> _Task requirements_
Using the records below, repeat exactly the lines from the one holding "Fashion Merchandising Resume" through the one holding "Reytelo Side Covers", both ends included, and no others.

> _Input data_
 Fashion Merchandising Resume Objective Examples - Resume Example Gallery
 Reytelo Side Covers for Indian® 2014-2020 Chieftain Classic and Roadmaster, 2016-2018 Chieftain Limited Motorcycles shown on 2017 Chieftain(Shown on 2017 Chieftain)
* * *
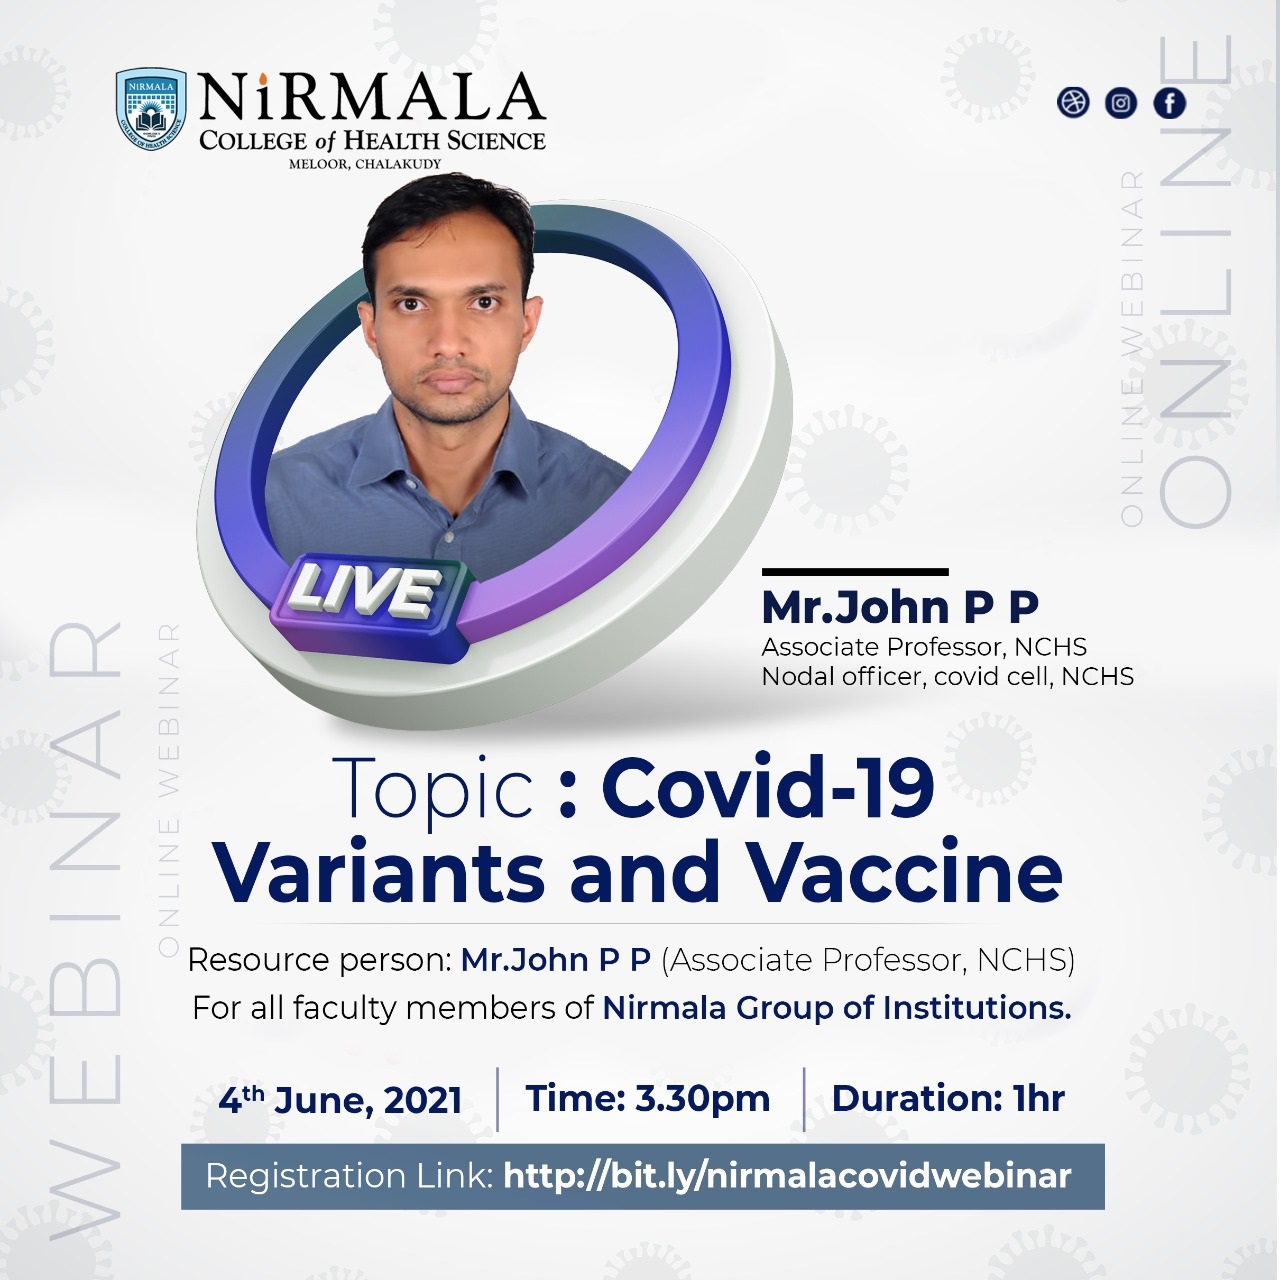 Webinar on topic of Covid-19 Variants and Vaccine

> _Expected output_
 Fashion Merchandising Resume Objective Examples - Resume Example Gallery
 Reytelo Side Covers for Indian® 2014-2020 Chieftain Classic and Roadmaster, 2016-2018 Chieftain Limited Motorcycles shown on 2017 Chieftain(Shown on 2017 Chieftain)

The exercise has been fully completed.